Освальдо чувствовал, что за несколько месяцев в клинике он повзрослел.

– Впрочем, не столько повзрослел, – уточнял он, – сколько поумнел.

Его тошнило от глупых и бесконечно пошлых фильмов, вызывавших в зрительном зале вздохи восхищения: «Ах, какая прелесть!» Его доводили до белого каления эпилептические танцы и какофоническая музыка, которую все превозносили до небес. Он не мог без сострадания говорить о последнем повальном психозе – так называемой пульверизаторной живописи (на холст направлялась струя краски из полного распылителя).

У Освальдо выработалось свое отношение к тому, что он видел и слышал. Ему могли нравиться лишь по-настоящему прекрасные вещи, которые несли бы в себе определенный смысл, говорили бы что-то сердцу, волновали чувства, открывали перед человеком новые горизонты.

«Когда я стану взрослым, – думал Освальдо, – я создам что-нибудь подобное, и мне все равно, ждет меня успех или нет».

А пока что даже дома он не был защищен от бесконечных криков моды, от последних повальных увлечений, о которых без конца бубнили по радио, по телевизору, кричали в журналах. Он чувствовал себя, словно в открытом море во время нестихающего шторма: на него обрушивались, подобно вспененным волнам, новые кумиры, открытия, увлечения.

Между тем подошло время Большого Конкурса. Задачей знаменитого смотра талантов было создание и популяризация новой моды и новых кумиров в искусстве, и, как всегда, ему предшествовала шумная реклама:

Будущие шансонье, будущие режиссеры, будущие живописцы, будущие артисты! Участвуйте в Большом Конкурсе! Один свежий замысел, одна неожиданная идея поднимут вас на вершину славы! Вы можете стать законодателями моды! Вы можете подарить людям радость! Вас ждет успех!

Весь город готовился к Конкурсу. Стать знаменитостью – какая прелесть!

«Интересно, сколько дурацких новинок появится на свет, – думал Освальдо. – И люди все проглотят. Когда человек приходит в тратторию, он заказывает еду по своему вкусу, а если собирается в кино или на концерт, для него главное – мода».

Несколько жюри в составе крупнейших специалистов внимательно изучали горы работ, представленных на Конкурс. Покончив со своей частью работы. Председатель жюри живописцев в радостном возбуждении прибежал к писателю, возглавлявшему литературное жюри:

– Мы открыли удивительного художника! Его ждет громкий успех! Это новый стиль в живописи! Какая оригинальная находка! Подумать только – белый холст! Совершенно белый, без единого мазка, настоящий пир цвета! Подобный замысел мог родиться только в гениальной голове!

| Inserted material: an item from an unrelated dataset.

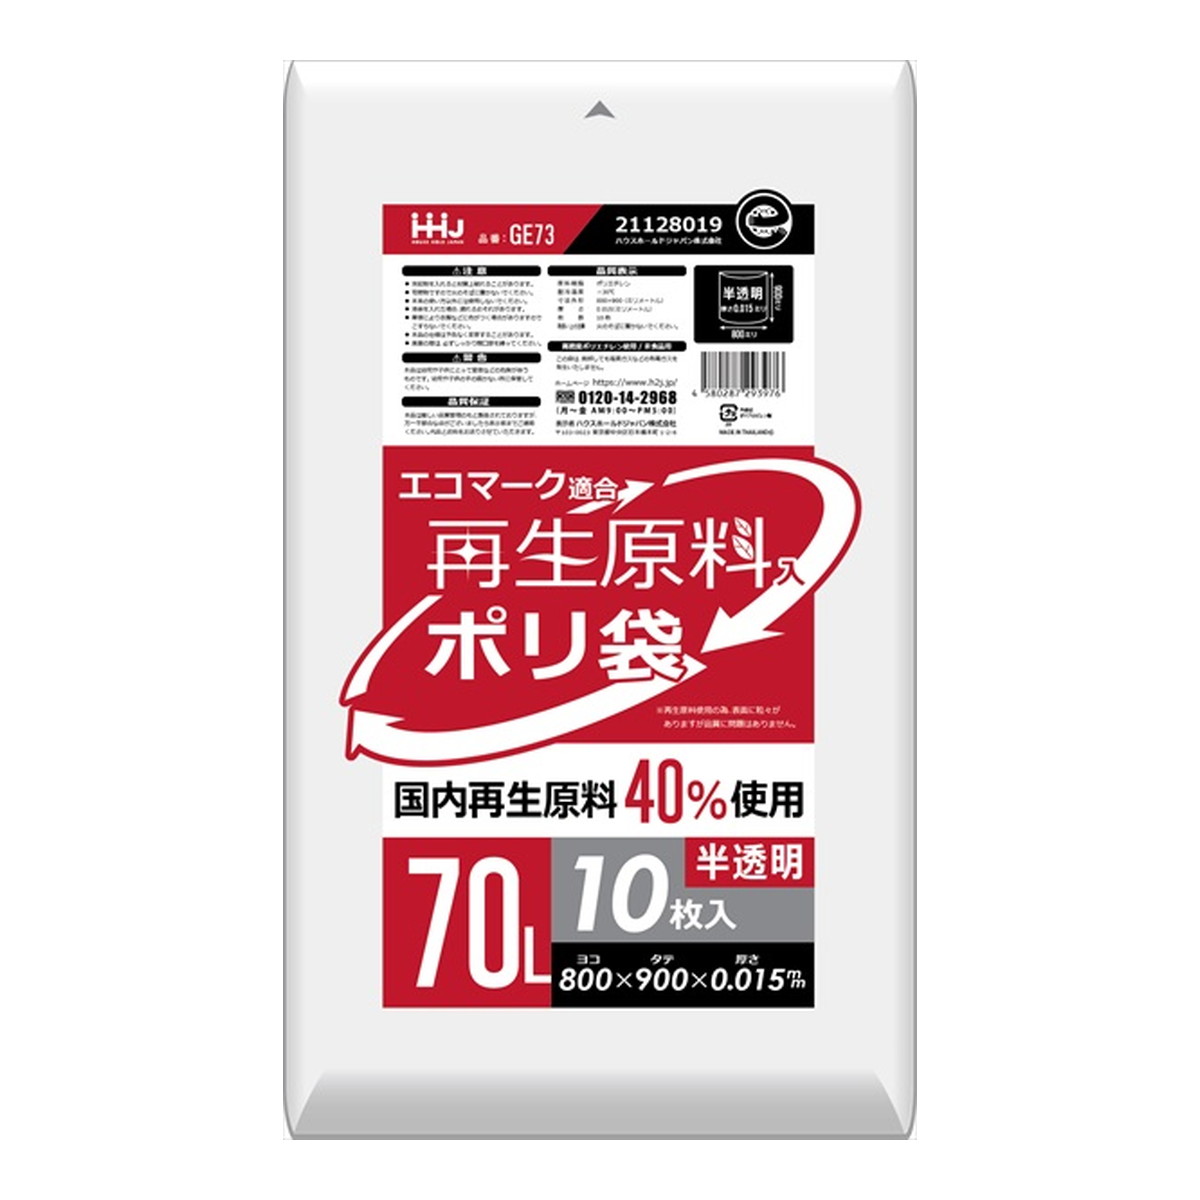 【令和・早い者勝ちセール】ハウスホールドジャパン GE73 再生エコマーク 袋 半透明 70L 10枚入
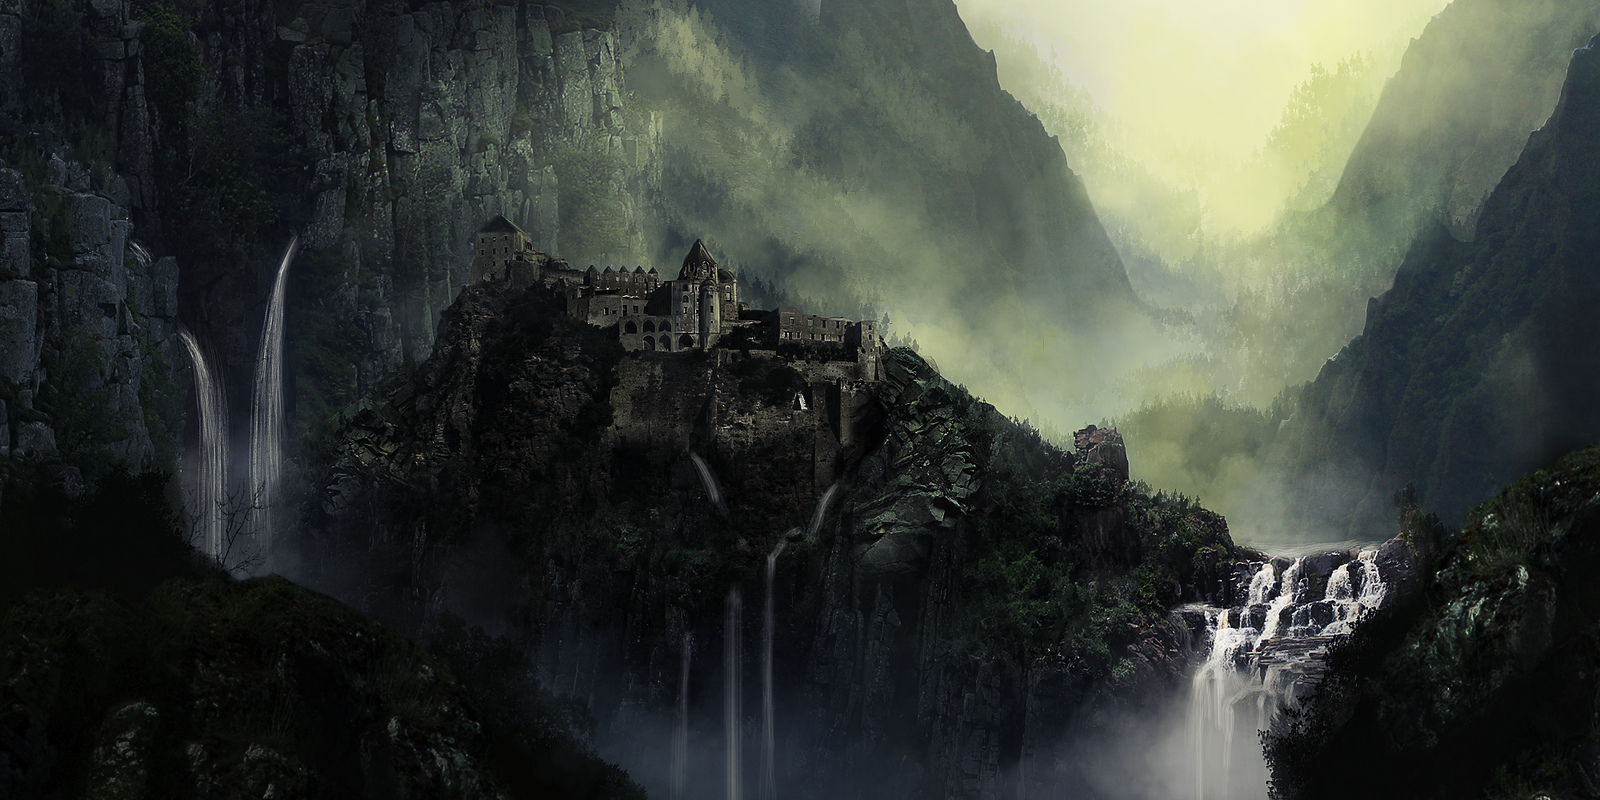 Free download wallpaper Landscape, Fantasy on your PC desktop

Нужно сказать, что и его коллега – Председатель литературного жюри – пребывал в радостном возбуждении:

– А нам-то как повезло! Извольте взглянуть на эту удивительную рукопись… – И он показал собеседнику стопку чистой бумаги. – Книга, в которой все страницы белые! История литературы не знает второго такого произведения! Оно читается в один присест, оно исполнено таинственности, оно будоражит мысль. И на всю книгу – ни единой даже самой пустяковой опечатки!

Горя желанием порадовать ближнего, они поспешили к Председателю жюри по кинематографии, который не выходил еще из просмотрового зала.

– А вы кстати, – обрадовался он. – Я как раз смотрю ленту, которой мы, не задумываясь, решили присудить первую премию. Истинный шедевр!

На экран проецировался ровный сероватый свет.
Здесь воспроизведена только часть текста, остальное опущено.